Number of licensed trappers decreasing
Communication between a spokesperson for Environment Commissioner Janez Potocnik and BirdLife Malta (BLM) clarifies that bird trapping using nets is “prohibited under the Birds Directive”.
Quoting spokesperson Joseph Hennon, BLM executive director Paul Debono said: “Several criteria need to be met for any derogation on the Birds Directive to be considered justified, and the Commission does not feel that Malta’s derogation permitting the trapping of these four species (turtle dove, quail, golden plover, and song thrush) meets these criteria”.
As a result Malta has a pending infringement case concerning autumn bird trapping and which was opened in June.
Details of such communication were given by BirdLife Malta at a news conference yesterday morning. During the event, held in Floriana, the NGO also presented its conclusions regarding the EU LIFE+ Project on Bird Migration and Trapping and launched a final project report on trapping.
The project was developed by BirdLife Malta with a number of partners aiming to facilitate the implementation of the Birds Directive with respect to trapping. It was 50% funded under the EU LIFE financial instrument of the European Commission.
Since its inception in January 2009 the project has carried out various information dissemination activities, including an ambitious environmental outreach programme meeting 411 trappers in individual face-to-face meetings. The aim of these meetings was to create dialogue between trappers and conservationists.
“We understand, from our meetings, that many trappers have accepted the end of trapping and have moved on, not renewing their licence,” said project manager Geoffrey Saliba. “Several former trappers have also expressed interest in alternative activities, mainly bird breeding and participating in bird shows, which are both legal and respect the environment when carried out using captive bred birds.”
Nonetheless, some trappers also expressed interest in wildlife photography and scientific bird study. Mr Saliba pointed out that a bird breeding association, another organising cage bird competitions and a number of photographic associations are well established in Malta and offer great expertise to enthusiasts. BLM is also very interested in helping interested persons gain more scientific knowledge.
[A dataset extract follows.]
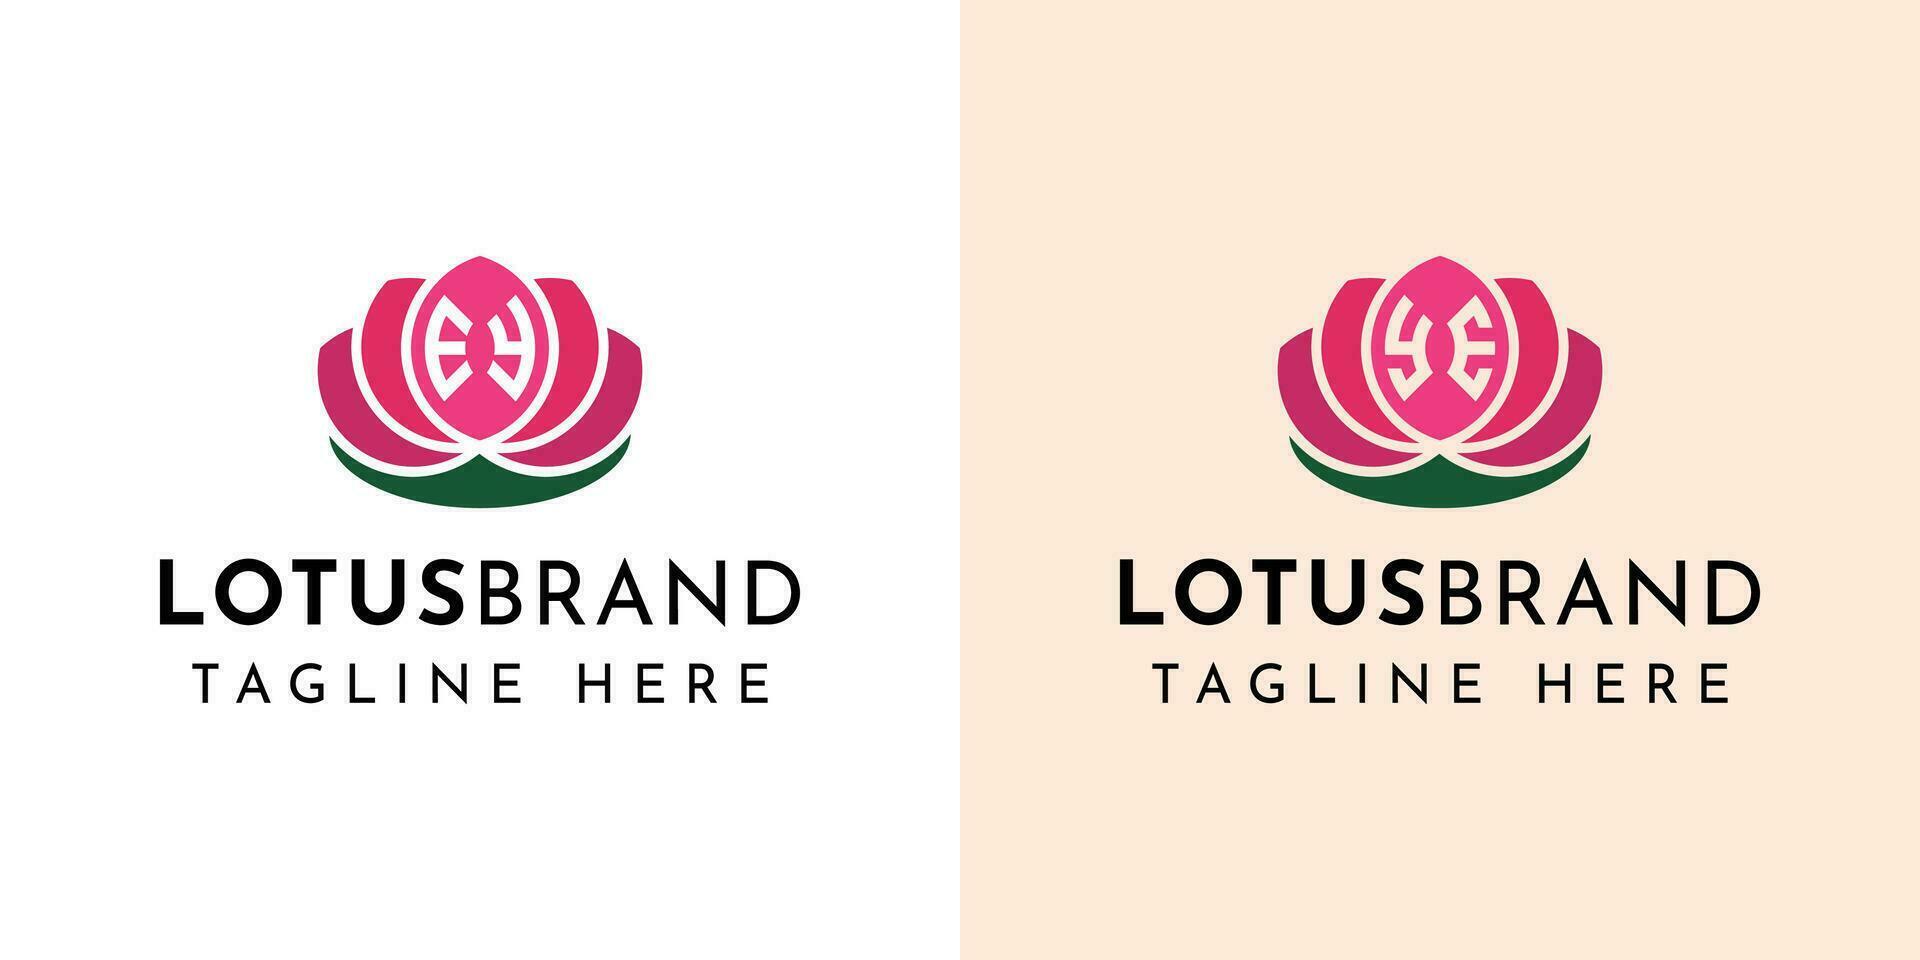 carta ey e vós lótus logotipo definir, adequado para o negócio relacionado para lótus flores com ey ou vós iniciais. vetor

He went on to give police figures showing that only 2,896 of the original 4,616 trappers licensed in 2008 renewed their licence in 2010. Until the past few days, the number had further decreased to 2,643 representing a 42% drop in the number of licensed trappers.
The project also carried out ground and air based surveys of trapping sites in Malta and Gozo throughout 2009 and 2010, surveying a total of 4,787 trapping sites.
Of the trapping sites surveyed last year, 25% were active or maintained, and over 95% of these were illegally targeting finches.
As part of the project, a report presenting details of all the surveyed sites, including GPS locations, was compiled. This report has been passed on to the police to assist with enforcement action where applicable. A similar report will shortly be passed onto the Malta Environment and Planning Authority (Mepa).
Although the government has respected Malta’s EU Accession Treaty Agreement by not opening finch trapping after 2008, when the phasing out period agreed upon with the EU expired, Malta has permitted the autumn trapping of a further four species of bird.
A trapping season for turtle dove, quail, golden plover and song thrush was not opened this year.
The project’s final report titled ‘A step forward – Conservation on a migratory stop-over’, details the conservation and legal implications of trapping, a brief history of trapping, and the project conclusions. It is available for download on the BLM website.
As for the way forward, BLM intends to continue its outreach programme, hold more meetings with trappers while disseminating information.
Further monitoring of trapping sites will take place so as to update the police, Mepa and the Commission where possible.
BLM has also held preliminary meetings with the Malta Cage Bird Association because trappers are mostly interested in the seven species of finches; all of which are bred locally in captivity.